Не подумайте, что меня это утешало, просто крепко запомнилась мысль отца Дорофея, что Господь дает мне возможность учиться на чужих судьбах, прежде чем я начну разбираться в собственной…
– Сам понимаешь, – начал Сергей свой рассказ, – после училища у всех дороги разошлись. Будь другой век на дворе, может, мы, былые курсанты, встречались бы изредка в разных портах, а то и на морских дорогах сигналили друг другу на встречных курсах. Но времена круто переменились. О будущей профессии мы могли только догадываться…
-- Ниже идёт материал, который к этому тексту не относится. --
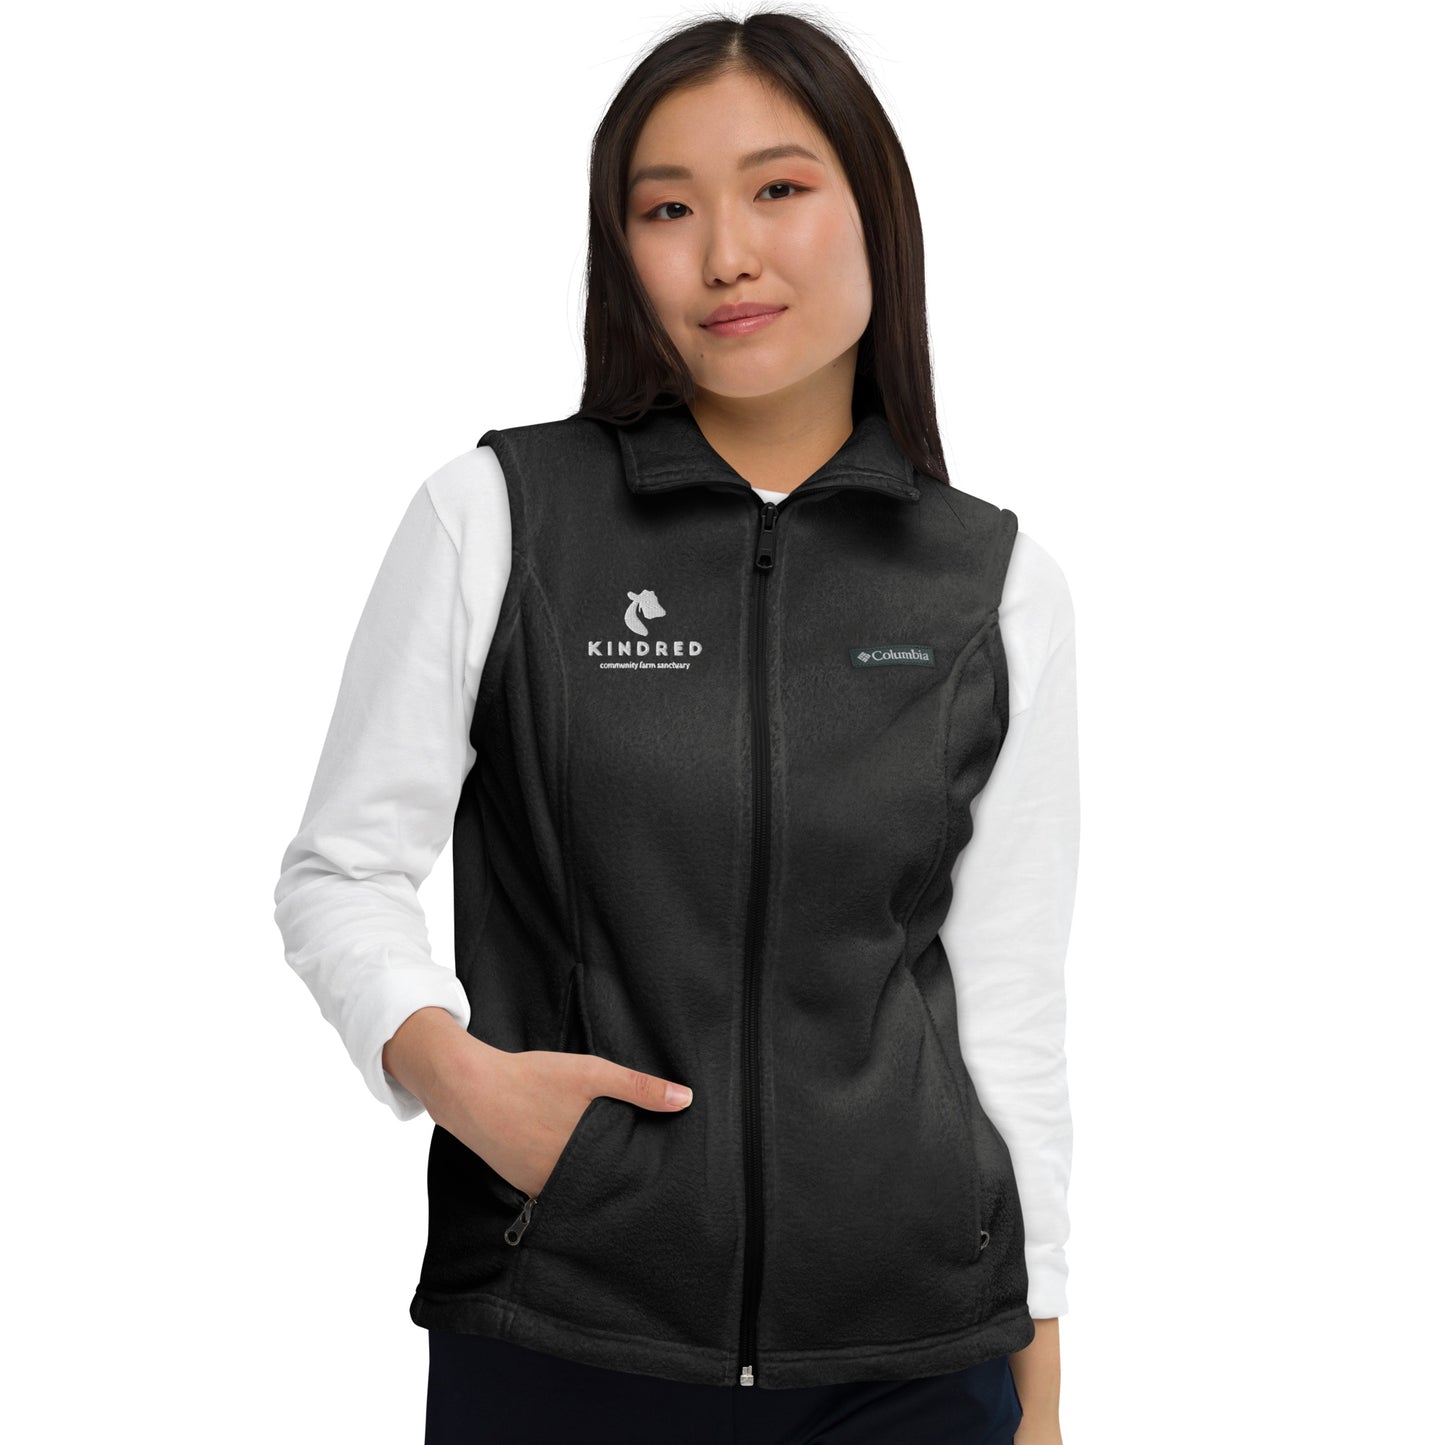 Women’s Columbia fleece vest - Donates $10
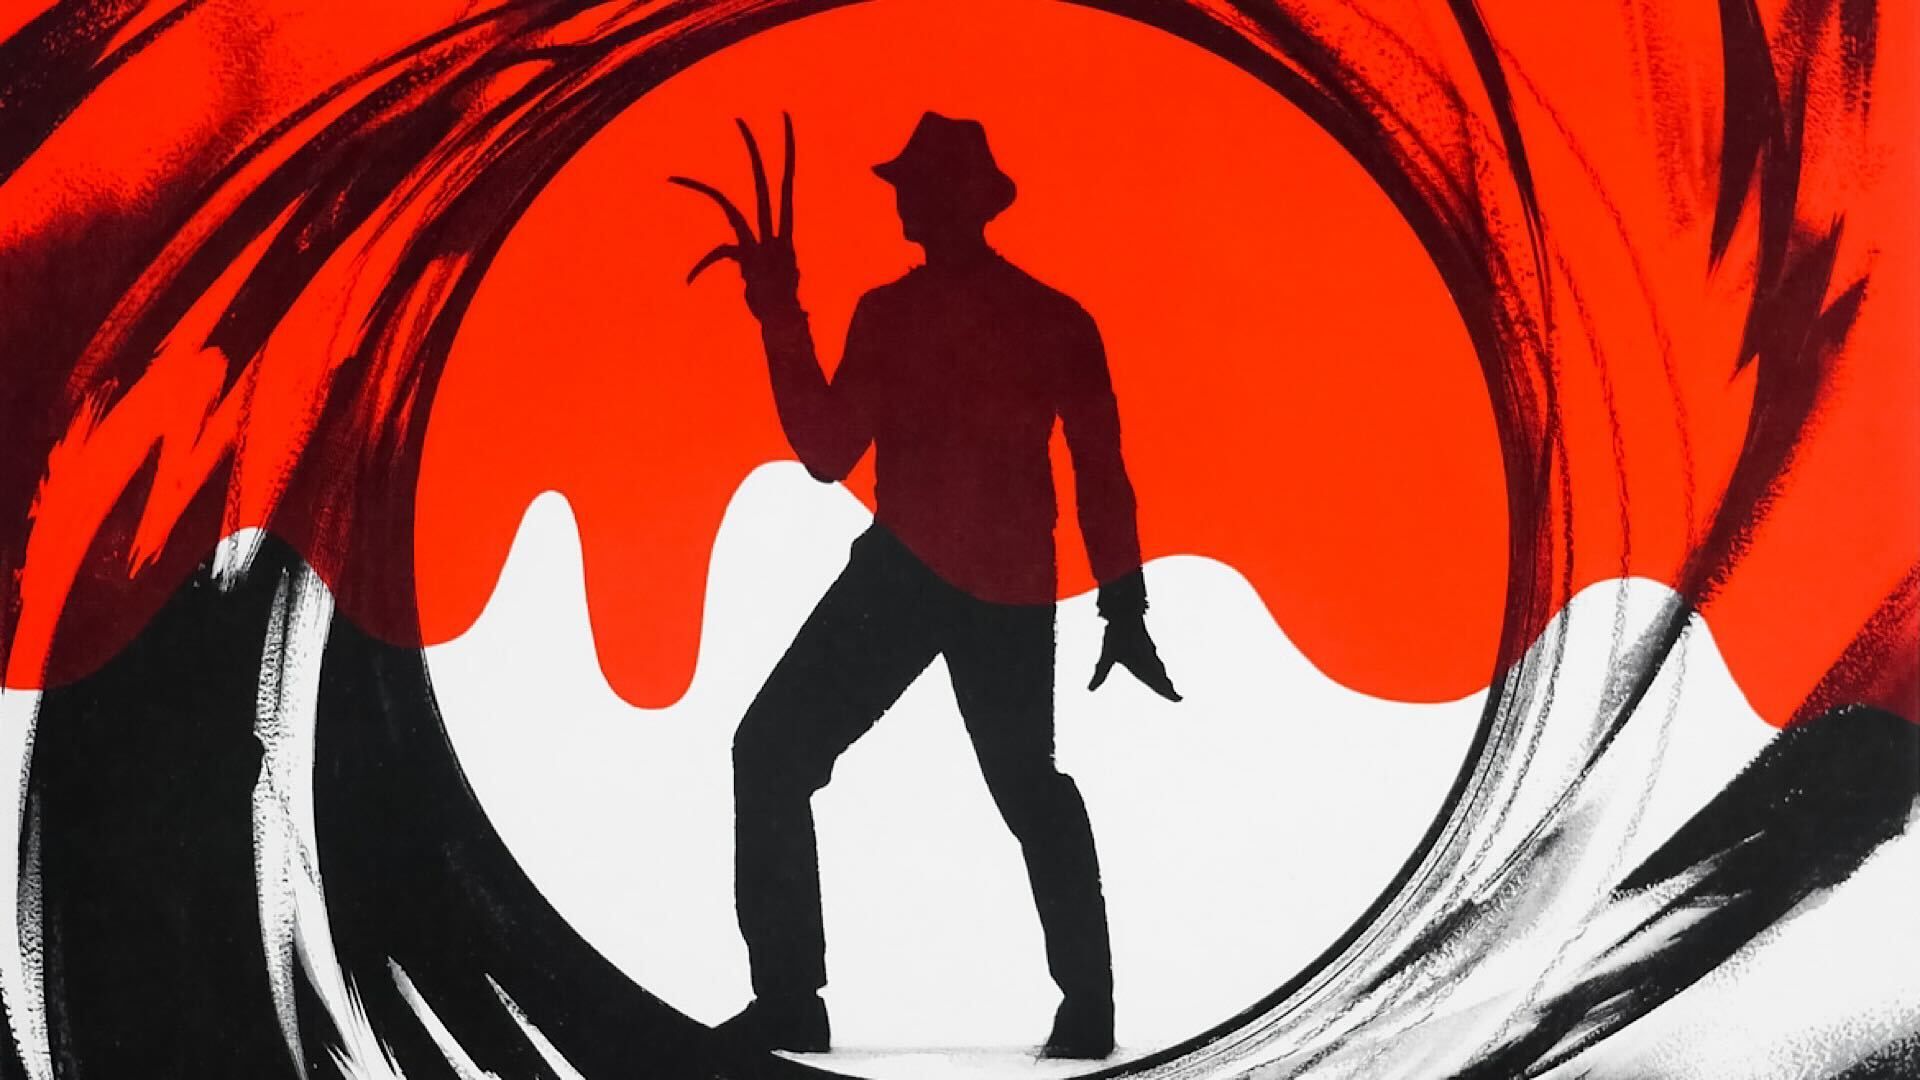 Freddy Krueger Stylised as James Bond in movie marketing poster

У меня и вовсе положение сложилось пиковое: сразу после выпуска угораздило меня жениться. Ты ведь Ленку помнишь, к которой я, бывало, на свиданки линял в самоволку с вечерних занятий? Ну, вот с ней я и расписался… В пословице слыхал, как говорится? «Одна голова не бедна, а и бедна – так одна». Семью, хоть и маленькую, обеспечивать надо. Пораскинув, решили мы: схожу я в загранку на пару рейсов. Сходил. А дальше – игра свеч не стоила: не те пошли в морях заработки.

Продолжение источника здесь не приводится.